WORK REQUIRED: Copy nothing before the line that contains "I am proud of"; from there, transcribe each line exactly through the end of the material, omitting pictures.

COLLECTED MATERIAL:
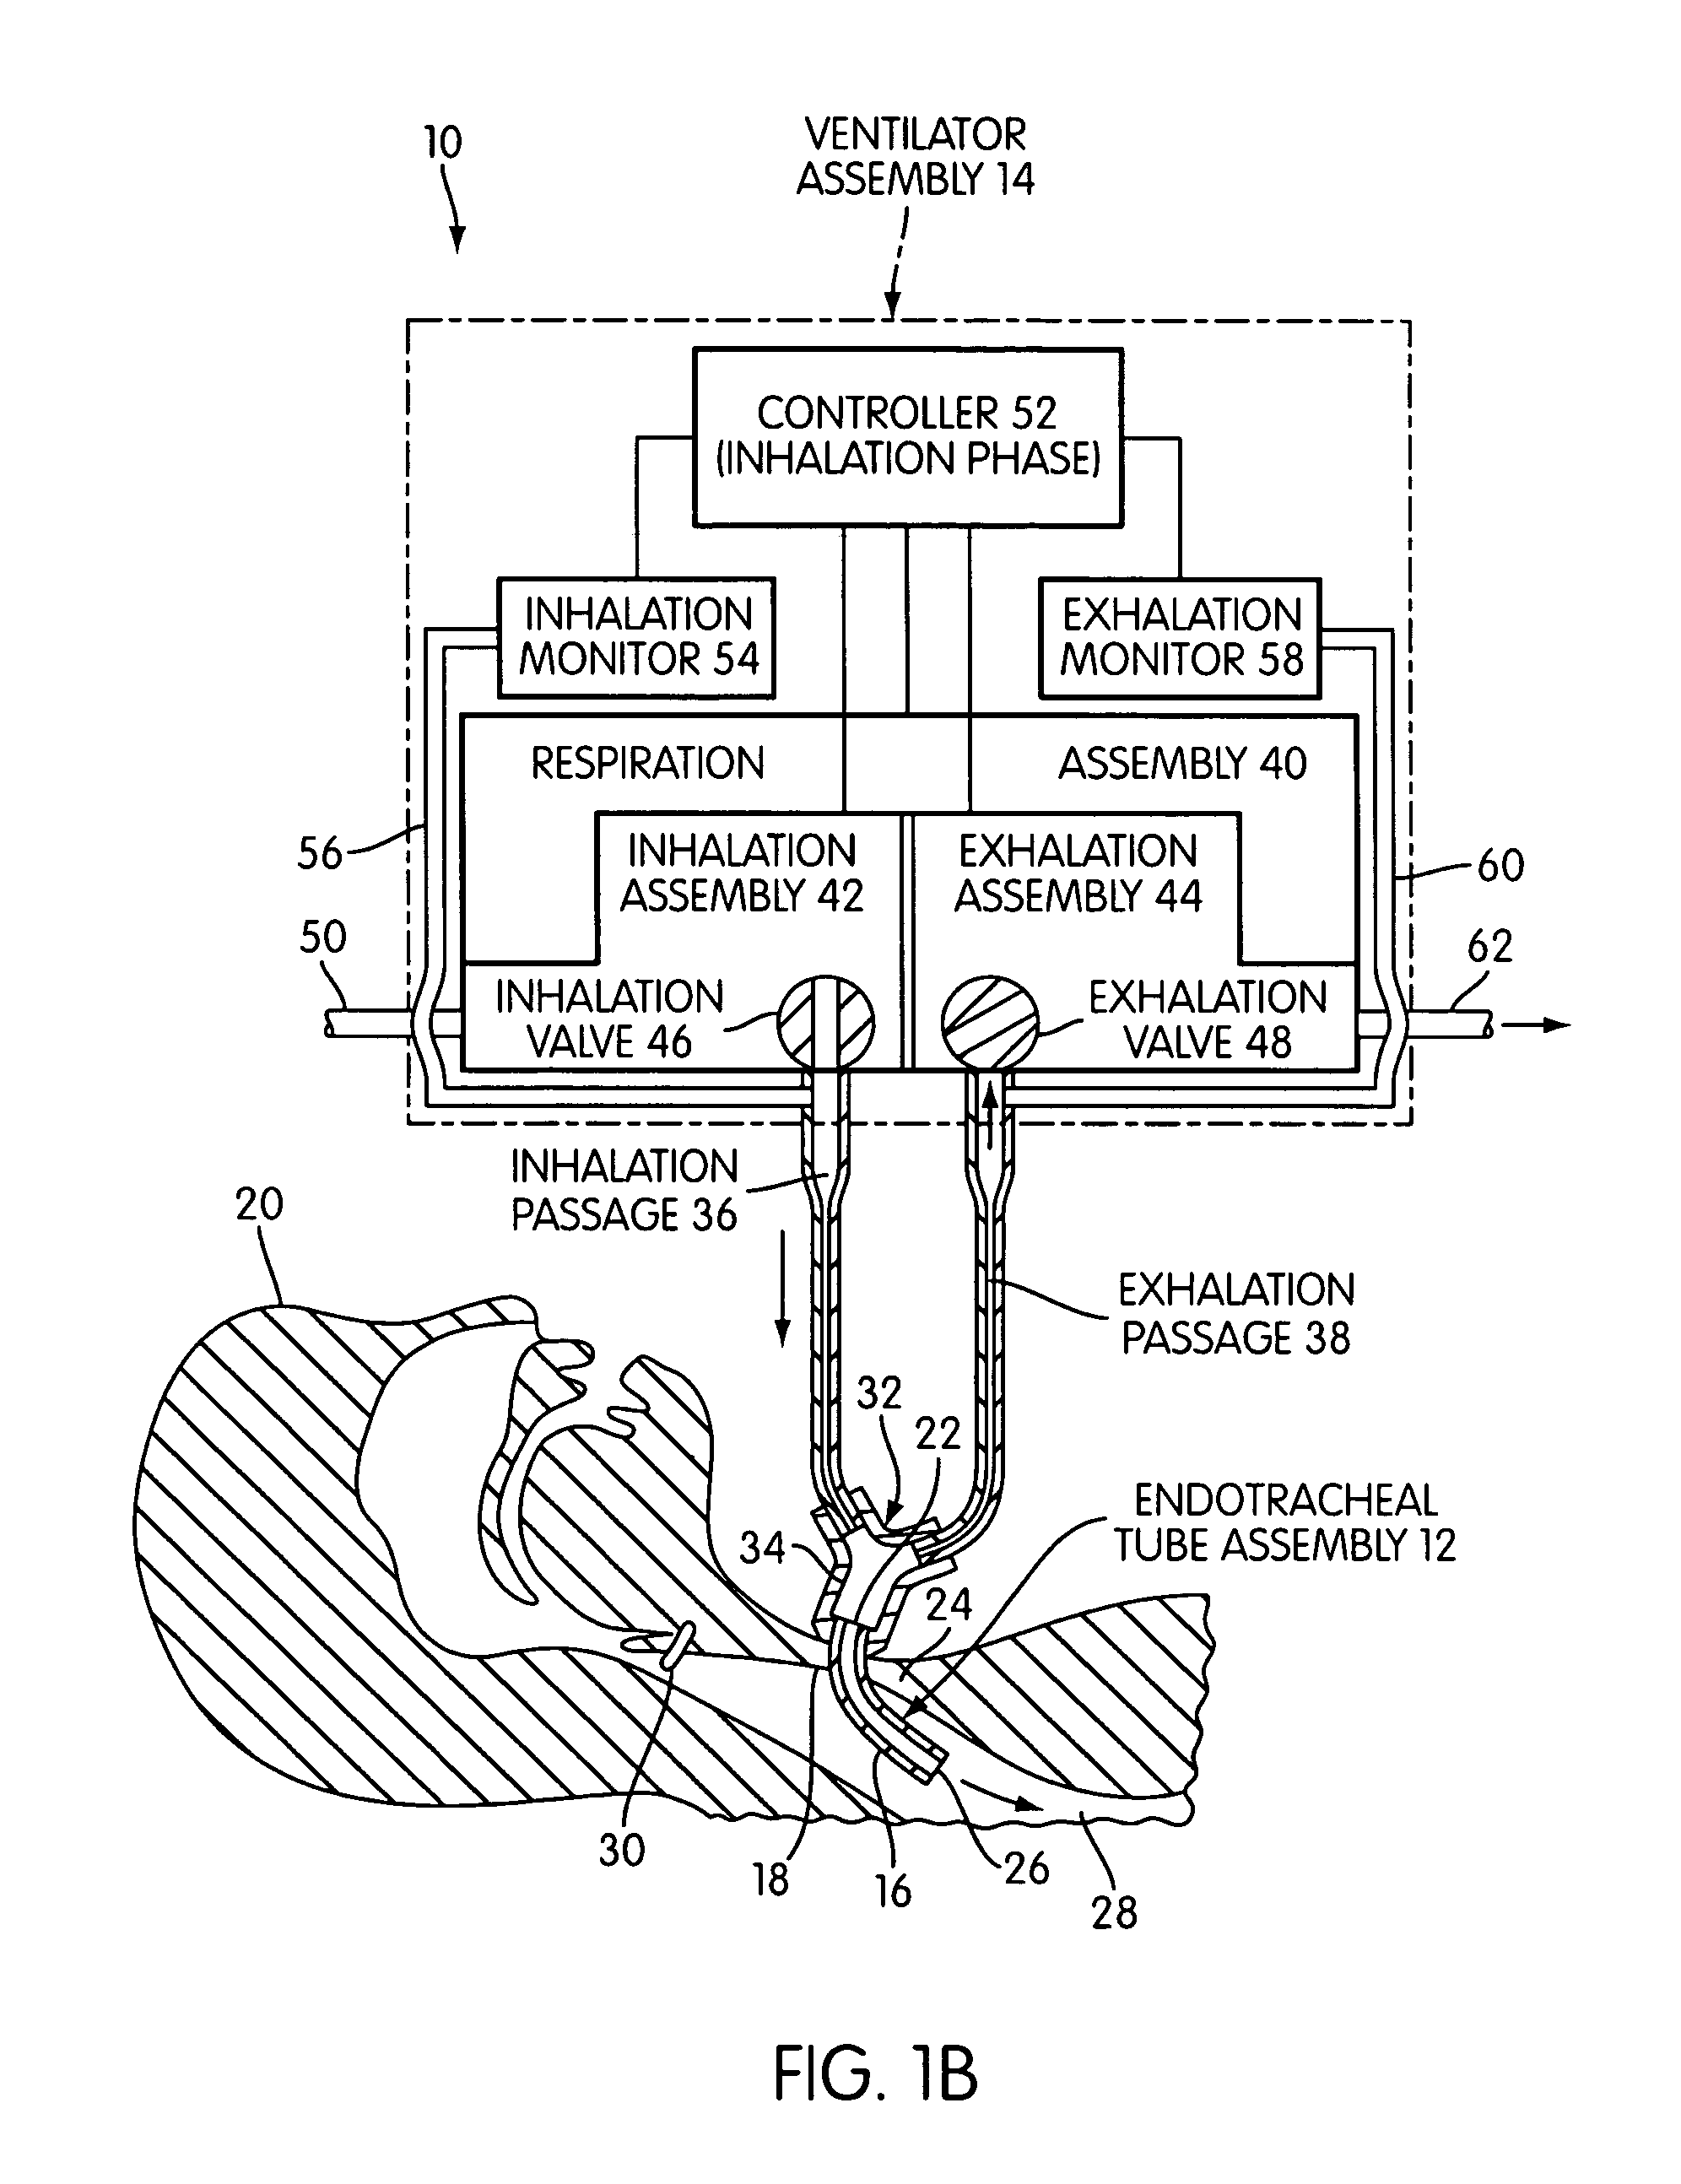 Ventilating apparatus and method enabling a patient to talk with or without a trachostomy tube check valve
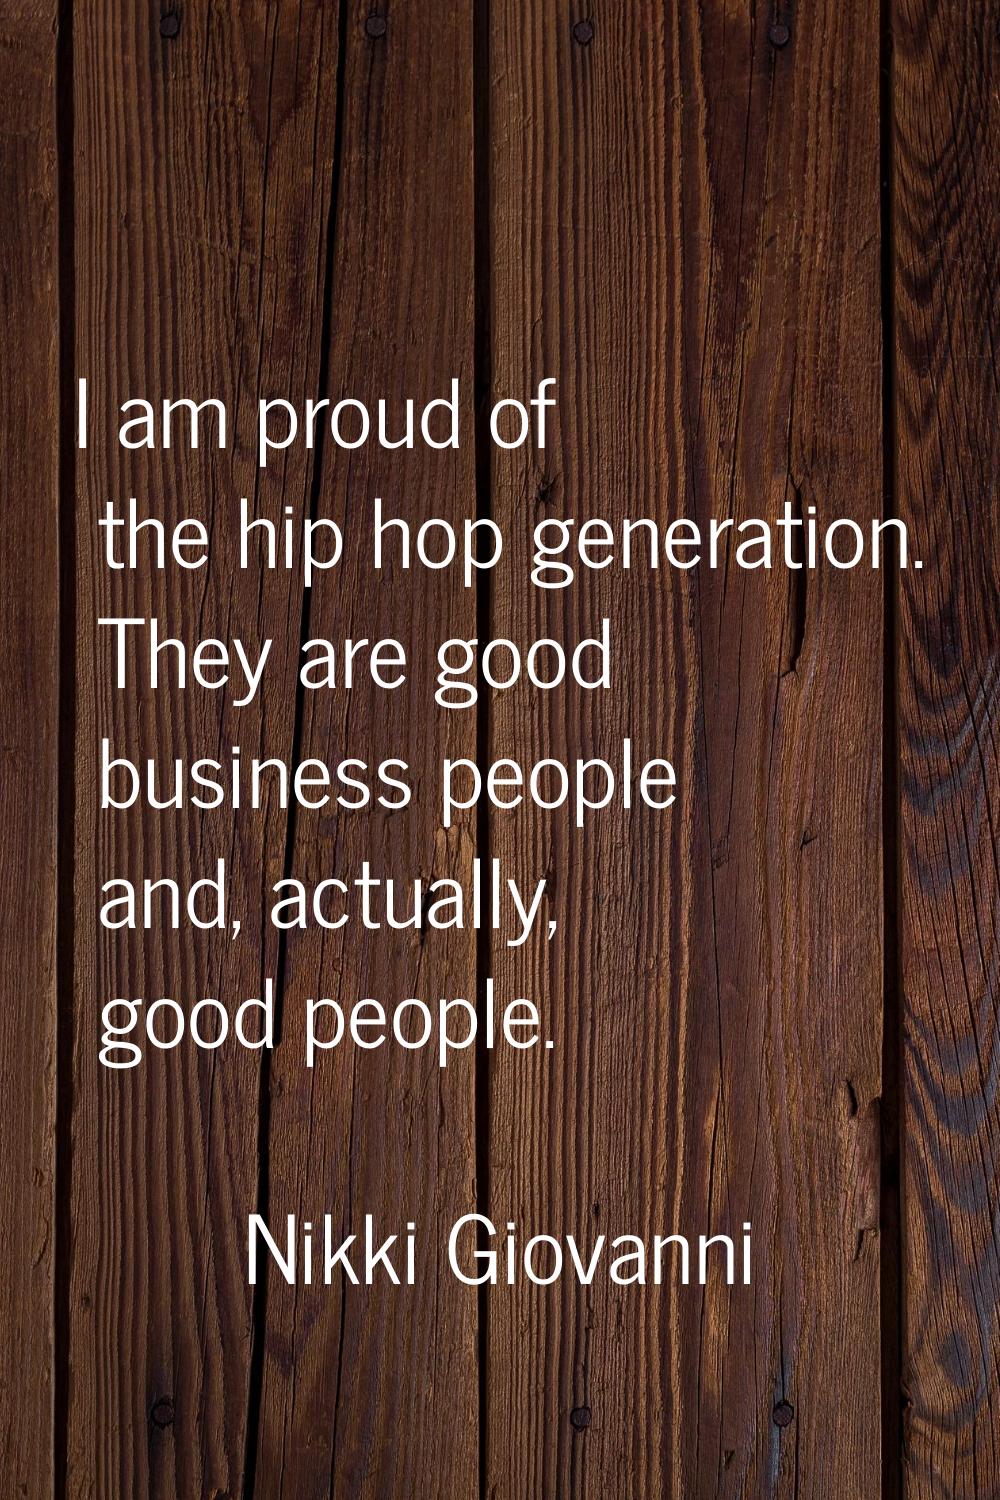 I am proud of the hip hop generation. They are good business people and, actually, good people.
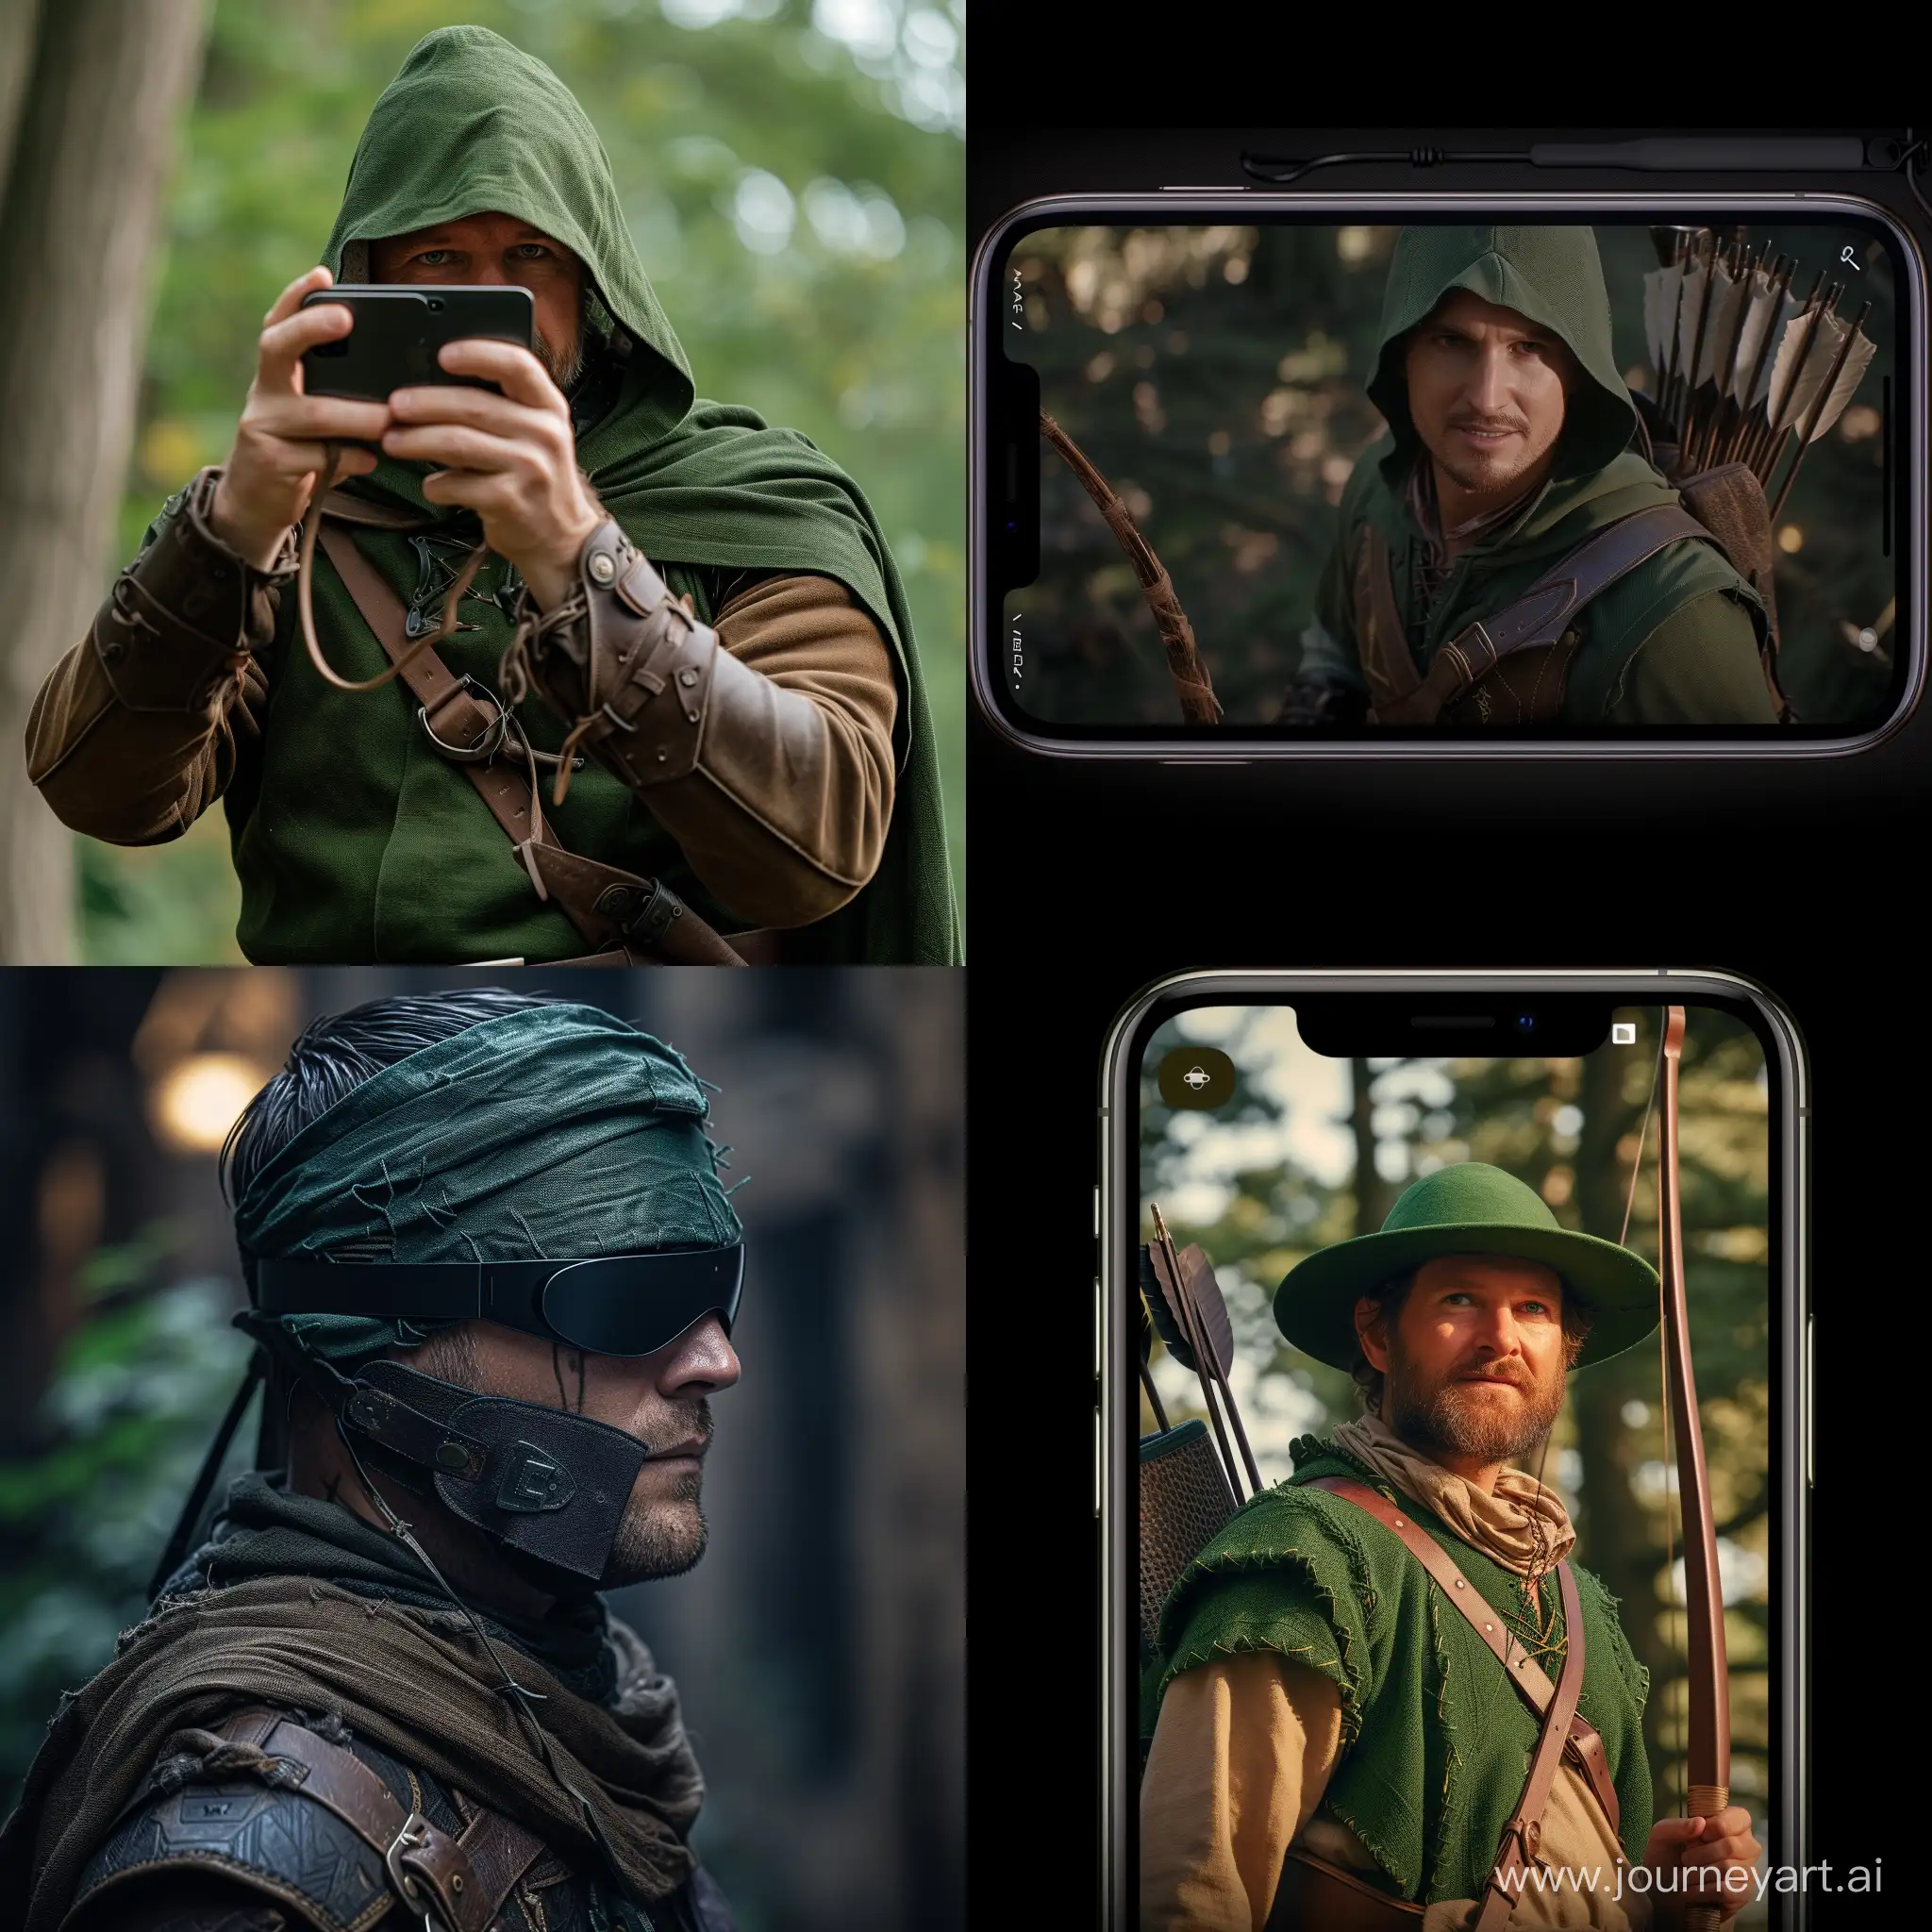 Robin-Hood-Archer-with-the-Latest-Apple-Vision-Pro-Camera

WRITTEN RESPONSE:
 I am proud of the hip hop generation. They are good business people and, actually, good people.
 Robin-Hood-Archer-with-the-Latest-Apple-Vision-Pro-Camera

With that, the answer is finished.